Es la voz de Farrell. Una voz sucia de tierra y miedo. Viene de un punto impreciso, a la derecha.

– Corsini se ha ido. También Me…

tipi-tipi-tipi-tipi…

La voz de Farrell también se ha disuelto en el aire.

– Wen, muévete. Levantemos el culo de aquí, nos están haciendo papilla.

tipi-tipi-tipi-tipi…

– No, por allí no. Hay un claro.

– Santo Dios. Están por todas partes.

Abrió los ojos y dejó que volvieran las cosas que lo rodeaban. El armario, la silla, la mesa, la cama, las ventanas con sus cristales insólitamente limpios. También allí olor a óxido y desinfectante. Ese cuarto había sido su hogar durante meses, después de todo el tiempo pasado en un pasillo, con médicos y enfermeras que se esforzaban tratando de aliviarle los sufrimientos de las quemaduras. Allí había logrado que la mente volviera a entrar casi intacta en su cuerpo destrozado. Había recuperado la lucidez y se había hecho una promesa.

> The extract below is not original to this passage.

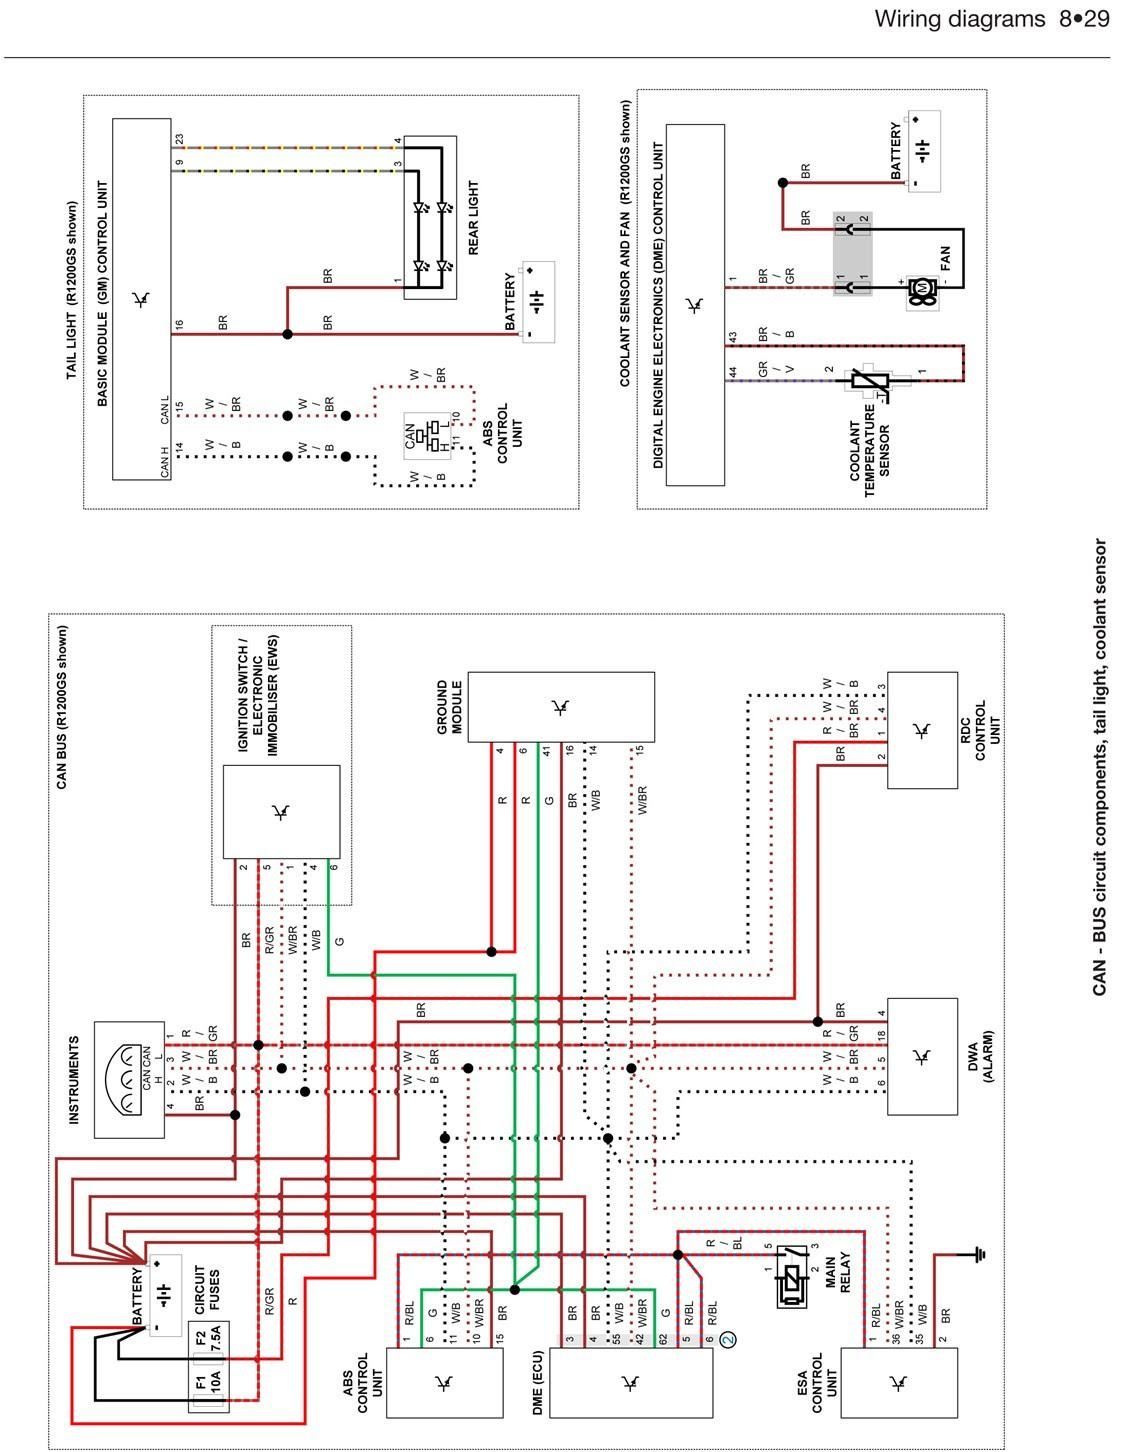 Bmw R 1200 Wiring Diagram 1984 Gmc Jimmy Wiring Diagram Begeboy Wiring Diagram Source

El pájaro carpintero dio tregua al árbol al que estaba torturando. A Wendell le pareció que ese fin de las hostilidades era un buen augurio. De algún modo podía dejar atrás una parte del pasado.

Debía dejarlo atrás.

Al día siguiente estaría fuera.

Ignoraba qué tipo de mundo encontraría tras los muros del hospital. Tampoco sabía cómo sería recibido. Aunque en realidad ninguna de las dos cosas le importaba demasiado, porque al final de ese viaje lo esperaba el encuentro con dos hombres. Lo mirarían con ojos de miedo y estupor, la mirada de quienes se encuentran ante lo increíble. Después, él le hablaría a ese miedo, le hablaría a ese estupor.

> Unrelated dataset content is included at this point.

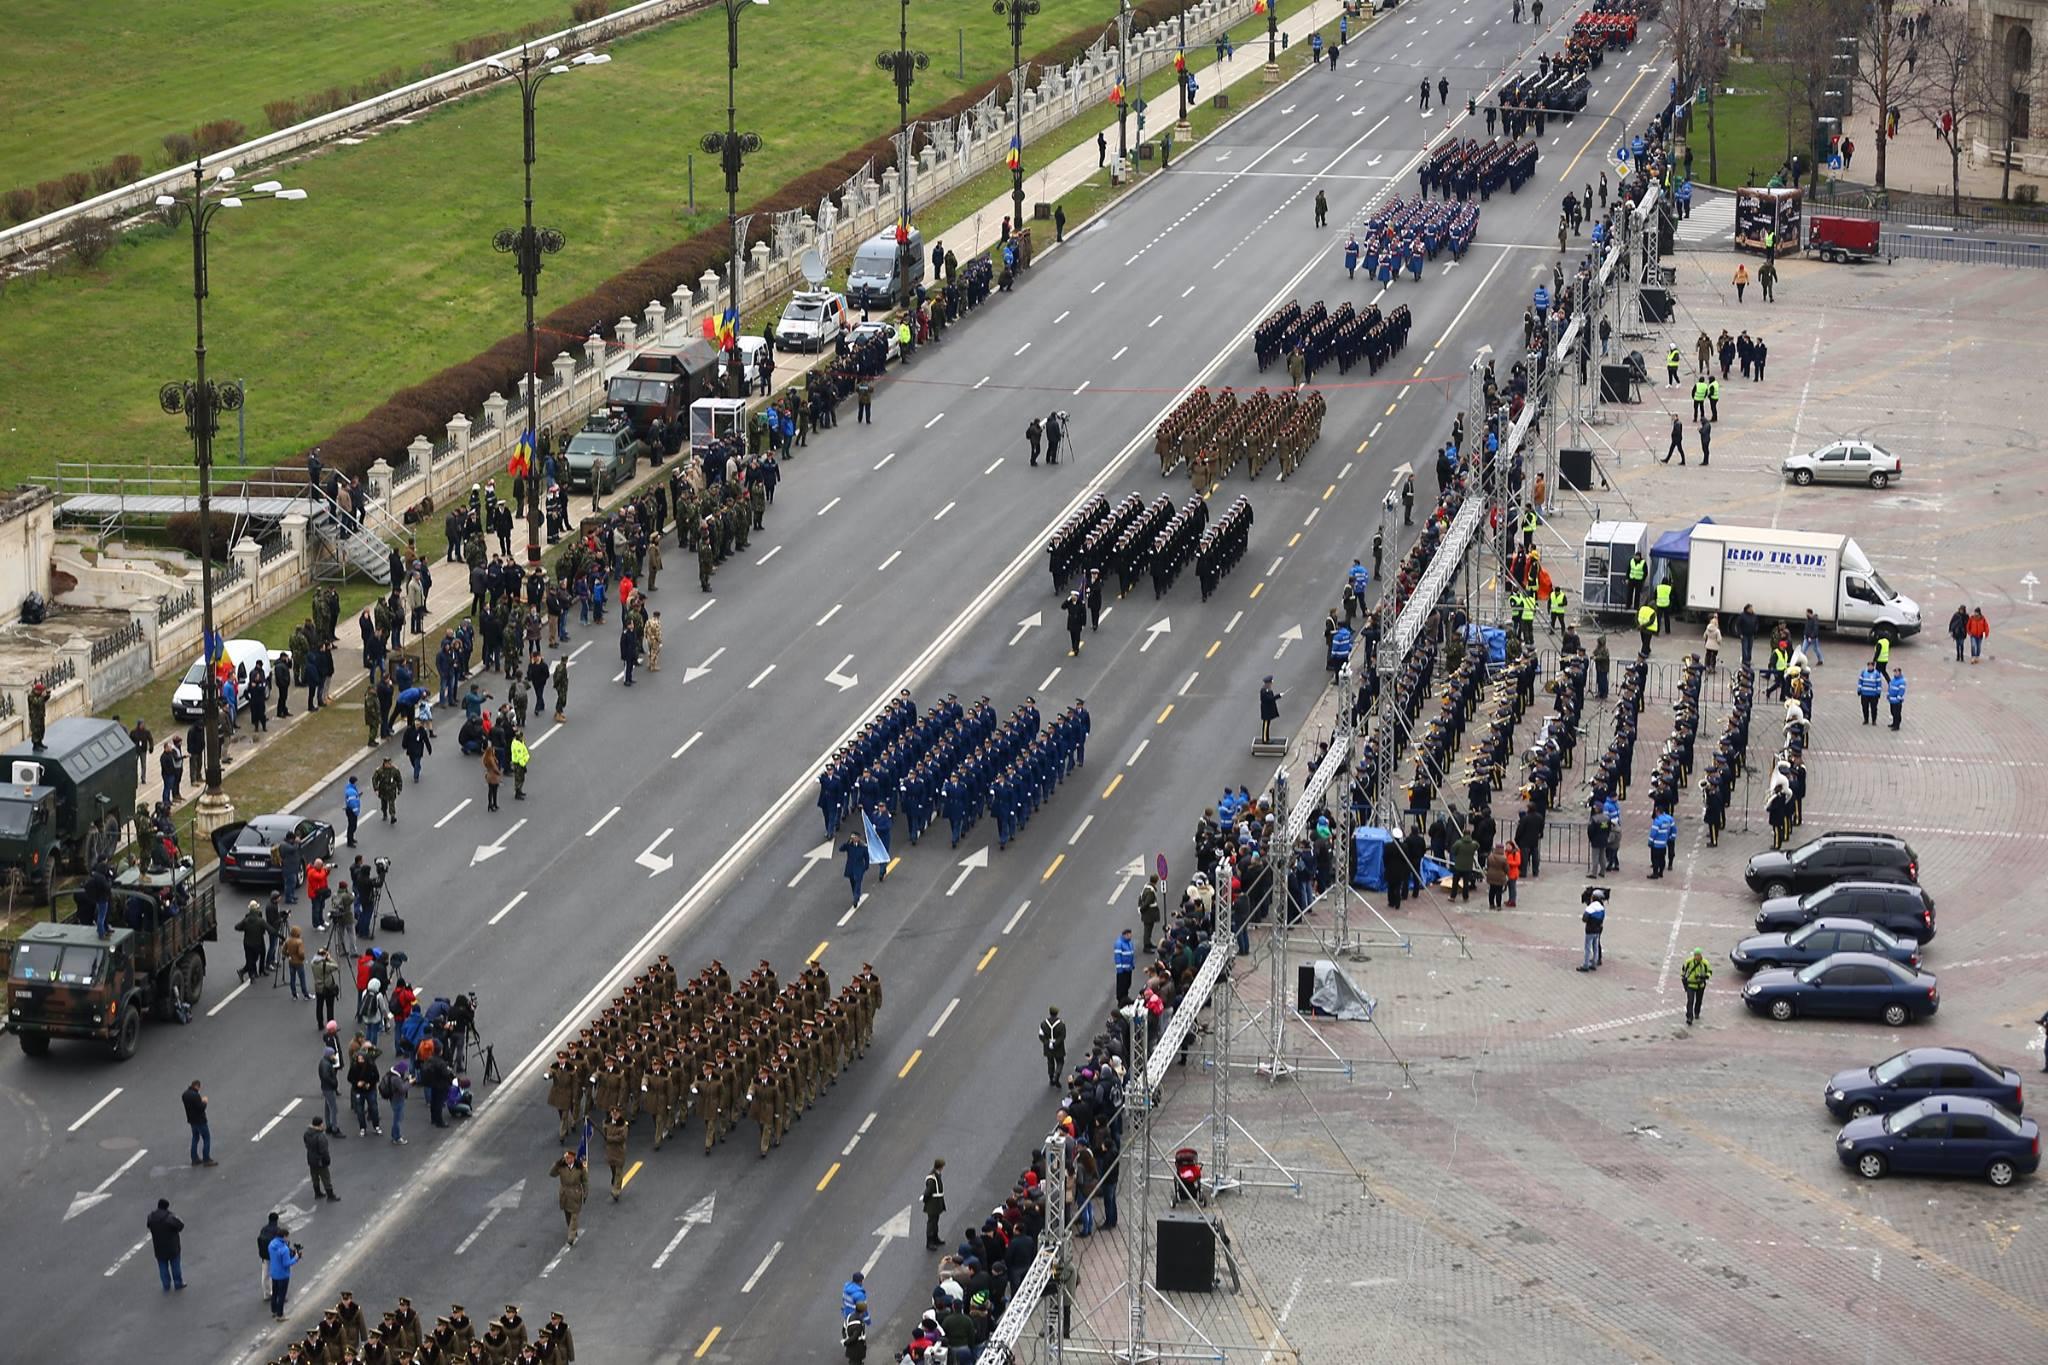 Repetitii parada militara 1 decembrie. Foto - MApN 12

En resumen, los habría matado.

Una sonrisa. Otra vez sin dolor. Sin percatarse, se deslizó en el sueño. Esa noche durmió sin oír voces y por primera vez no soñó con árboles de caucho.

2

Durante el viaje lo sorprendió el trigo.

A partir de cierto momento, mientras iba hacia el norte y se acercaba a casa, el trigo se asomaba por trechos, suave, a ambos lados de la carretera, dócil bajo la sombra del autocar Greyhound que avanzaba recto, impulsado por la gasolina y la indiferencia. Estriado por el viento y a la sombra de las nubes el trigo cobraba vida, también en la memoria de las manos. Un inesperado compañero de viaje, cálido color de cerveza fresca, con su hospitalidad de henil.

Conocía esa sensación. En cierta época se había nutrido de ese pan.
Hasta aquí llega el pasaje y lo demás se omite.